East Meadow’s opt-out rate doubles for state ELA exams

Posted

The number of East Meadow students who refused the state English Language Arts assessments last week doubled from the total just one year ago, and Superintendent Leon Campo said that more than half of the students in seven district schools who were eligible for the tests opted out.

New York state adopted the Common Core State Standards in 2010, mandating implementation beginning the following summer. State officials said that the more rigorous standards are designed to make students more college- and career-ready, and the year-end exams help the Education Department measure their progress.

But parents across the state, and particularly on Long Island, have questioned the tests’ legitimacy as well as the disproportionate impact they believe the exams have had on both students and teachers in recent years.

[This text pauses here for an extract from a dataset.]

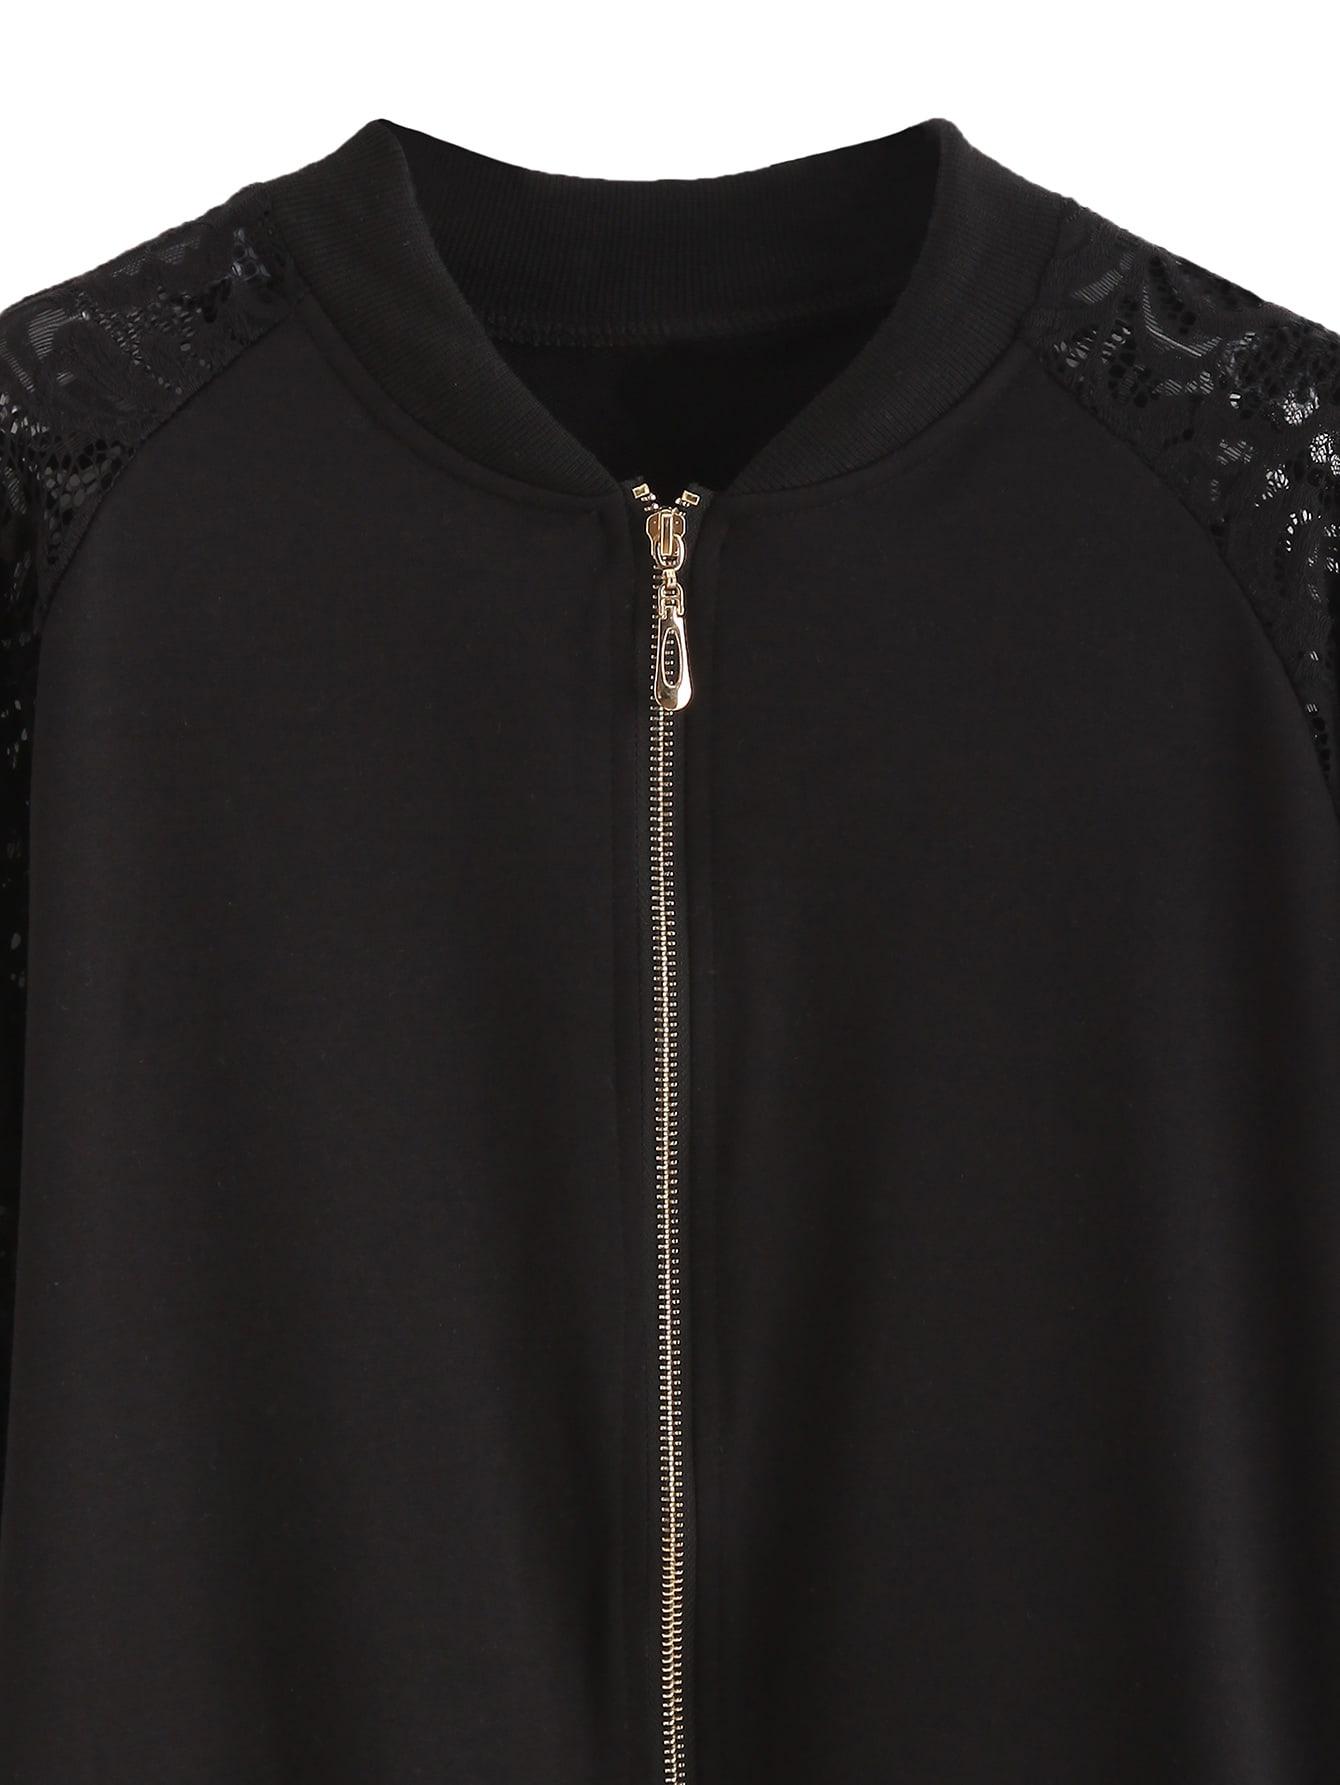 jacket160831102_2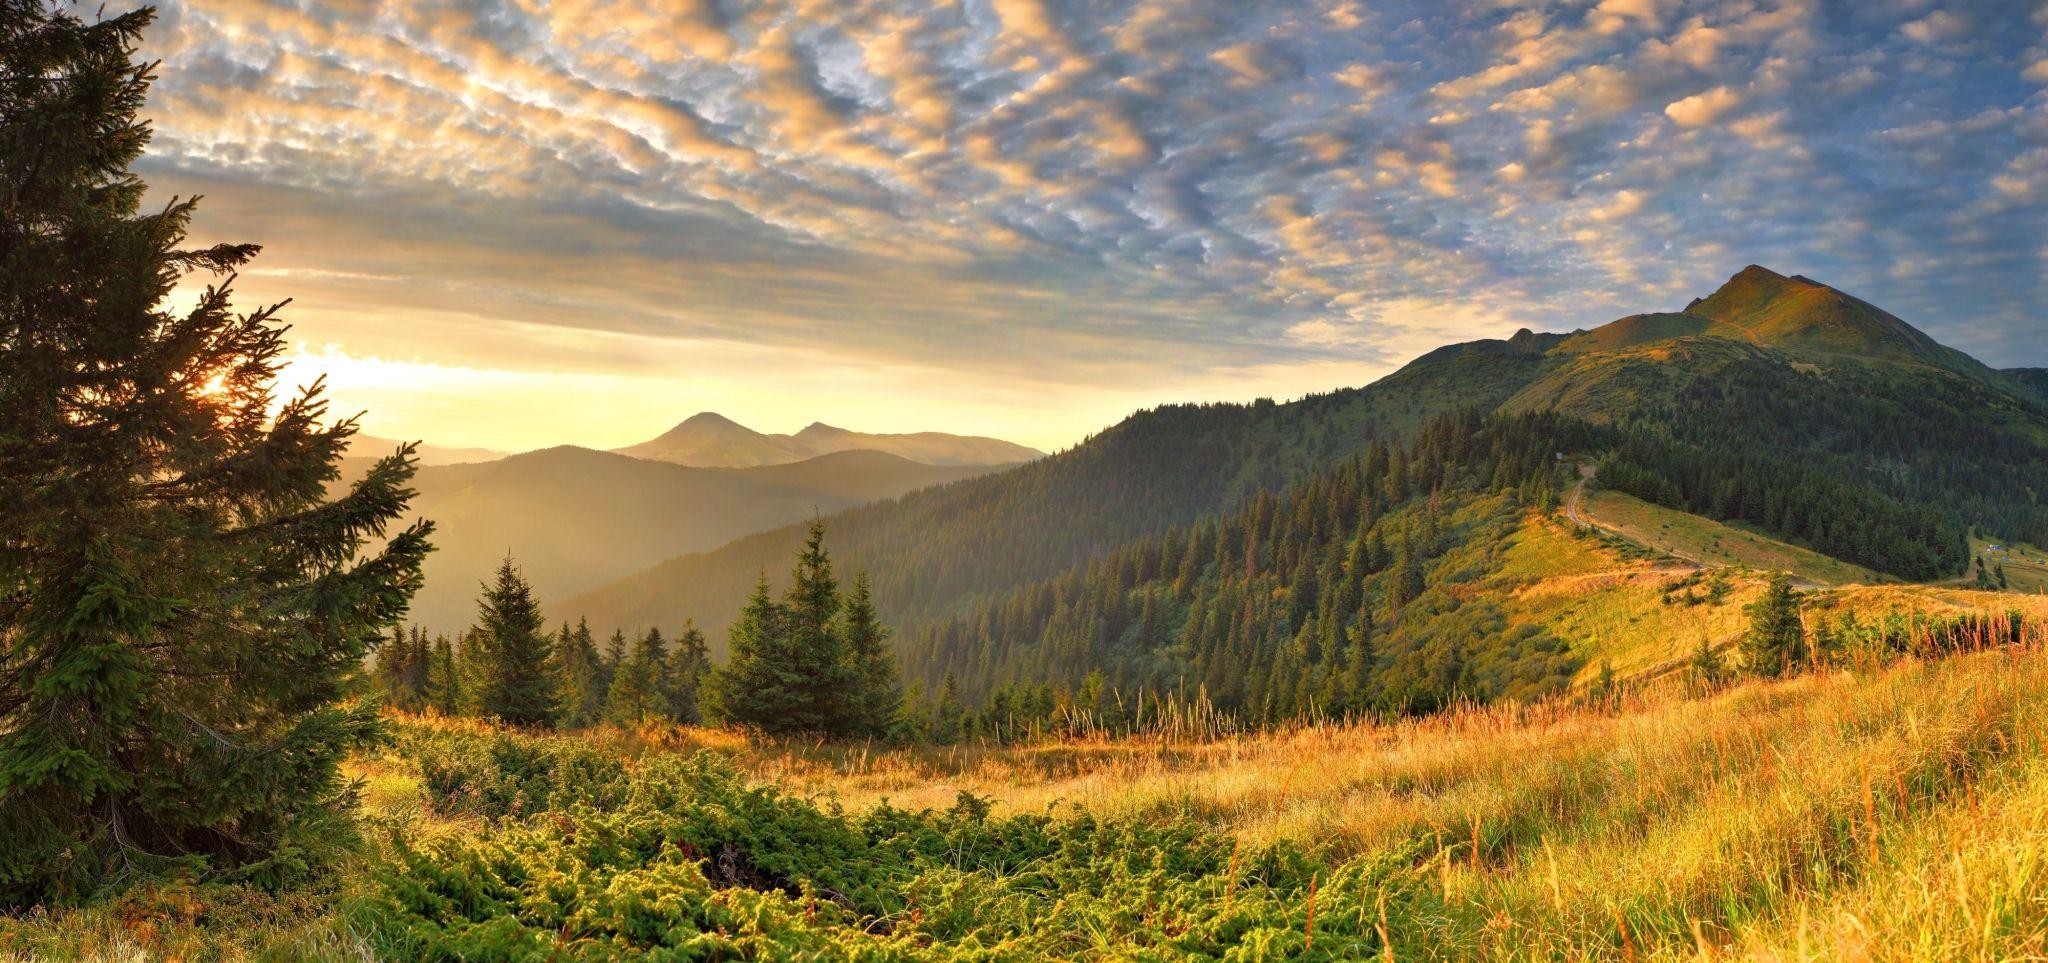 Landscape Images For Desktop Background Canvas Painting Landscape Landscape Background Landscape

Some formed opt-out groups on Facebook, and more each year have elected to send school district officials letters stating that their children would not be taking the tests.

Of 3,296 ELA test-eligible East Meadow students in third through eighth grades this year, 1,654 refused the tests last week, or 50.2 percent. Last year, 24 percent of students did not take the exams, Superintendent Leon Campo said.

The state math assessments were scheduled for this week.

One of the reasons the refusal rate might have spiked, Campo said, is that the Board of Education published a position paper called “Where We Stand And Why” in July. The paper, which was sent to elected officials at all levels of government and can be found on the district website, criticized the Common Core curriculum’s reliance on high-stakes testing and its ties to teacher and administrator evaluations. It stated that test-based teacher evaluations are “fundamentally flawed, inaccurate and unjust,” and noted the stress the tests create in students, the extensive time teachers must devote to test preparation and the limited feedback the exams provide.

“Many parents look to our board for leadership on a given issue,” Campo said. “… I personally believe they are correct, and that the impact has not been positive.”